- [GOAL OF THE EXERCISE]:
Would you repeat the listing below verbatim and drop the images?

- [SOURCE MATERIAL]:
----

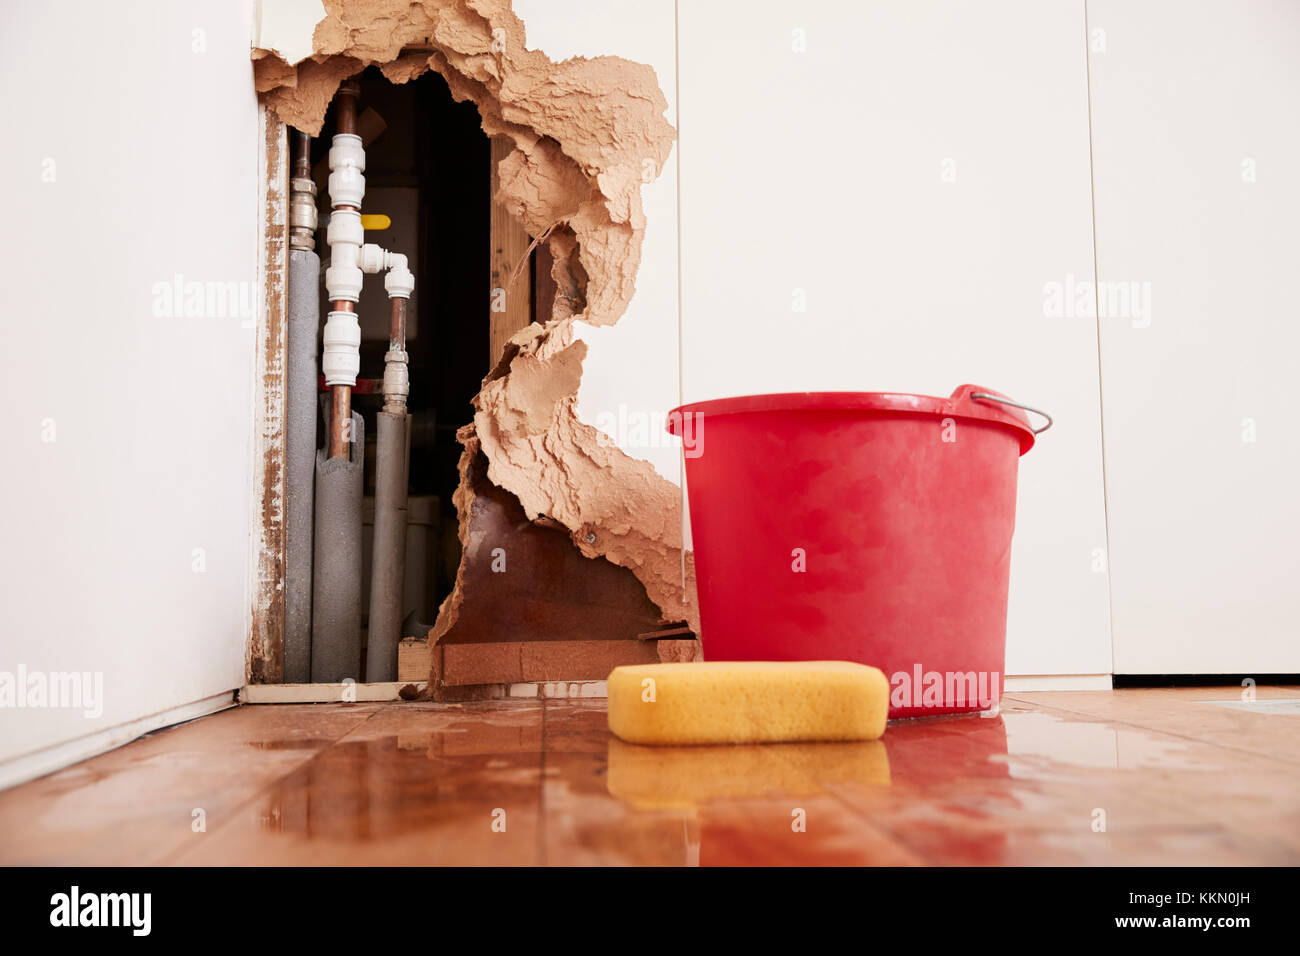 Damaged wall, exposed burst water pipes, sponge and bucket Stock Photo
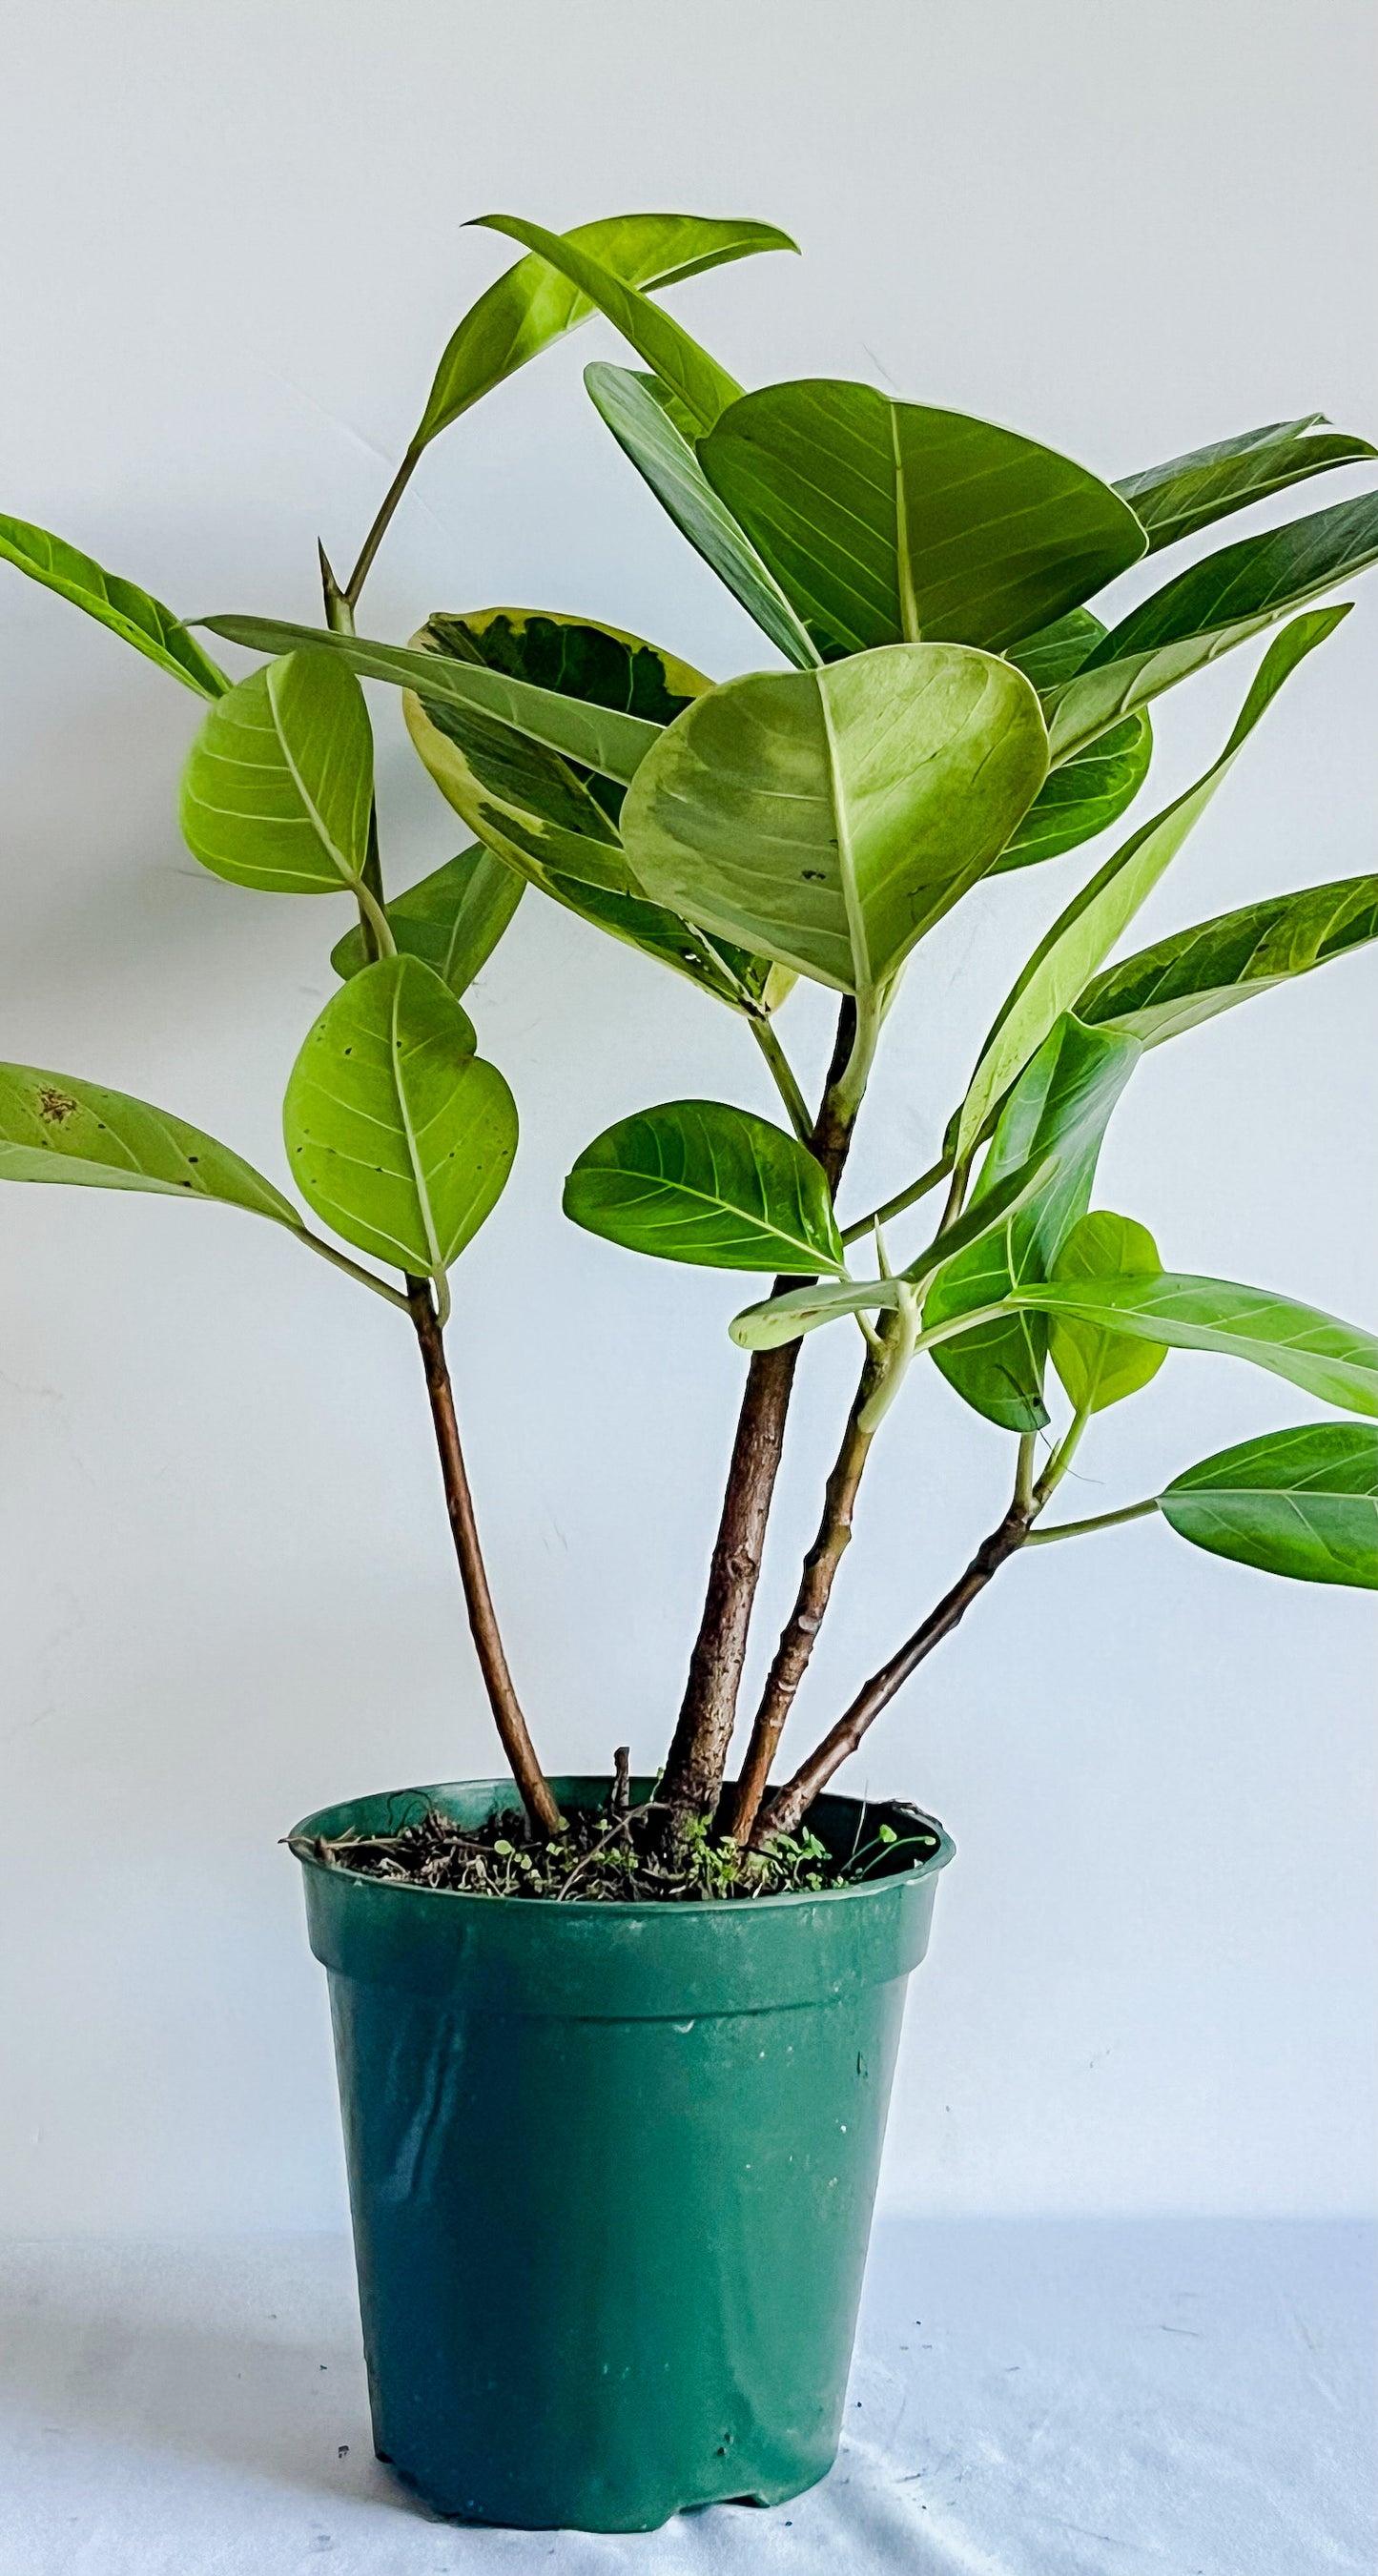 Ficus Altissima 'Yellow Gem' Rubber Tree Plant- Stunning, Vibrant, Yellow- Lime Green Variegated Leaves- Tropical Tree Houseplant (4" or 6" Pot)
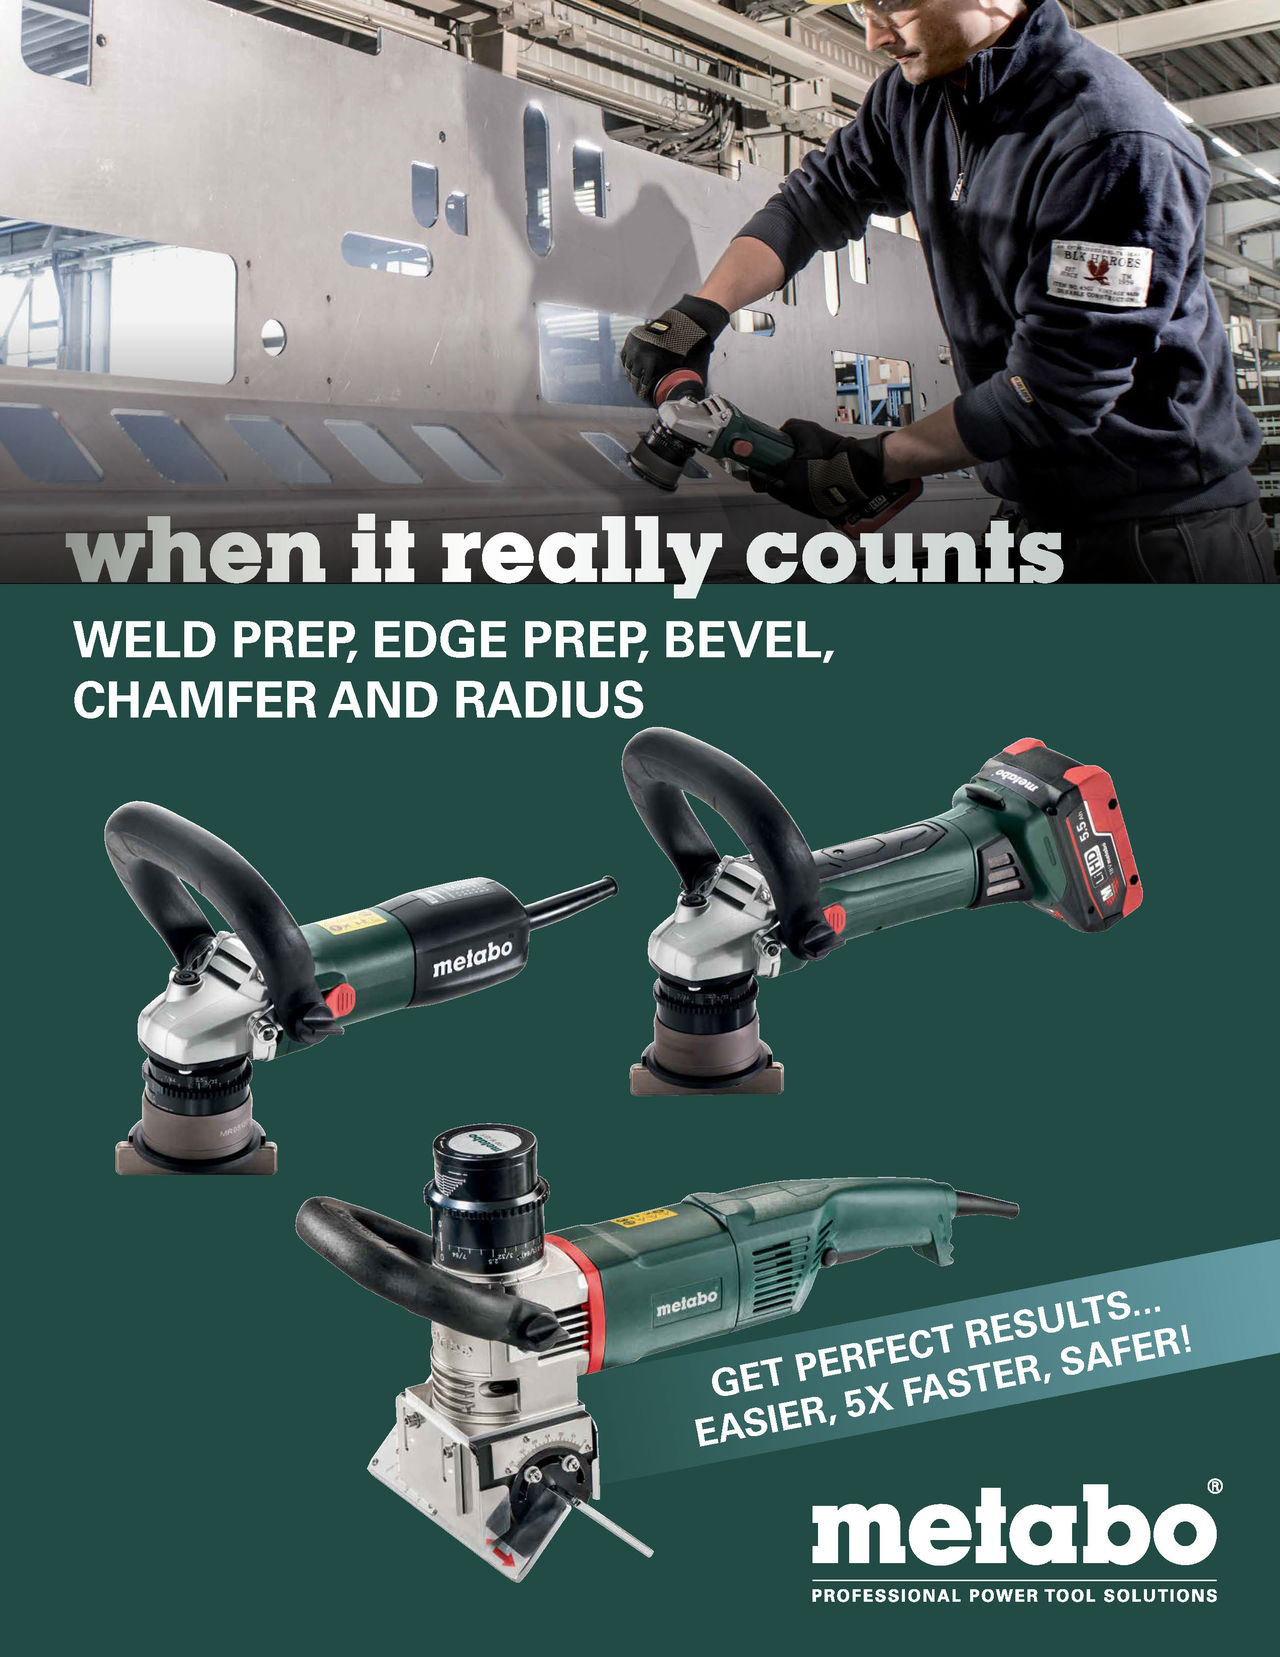 Catalogues / Brochures | Metabo Power Tools

----

- [RESULT]:
 Damaged wall, exposed burst water pipes, sponge and bucket Stock Photo
 Ficus Altissima 'Yellow Gem' Rubber Tree Plant- Stunning, Vibrant, Yellow- Lime Green Variegated Leaves- Tropical Tree Houseplant (4" or 6" Pot)
 Catalogues / Brochures | Metabo Power Tools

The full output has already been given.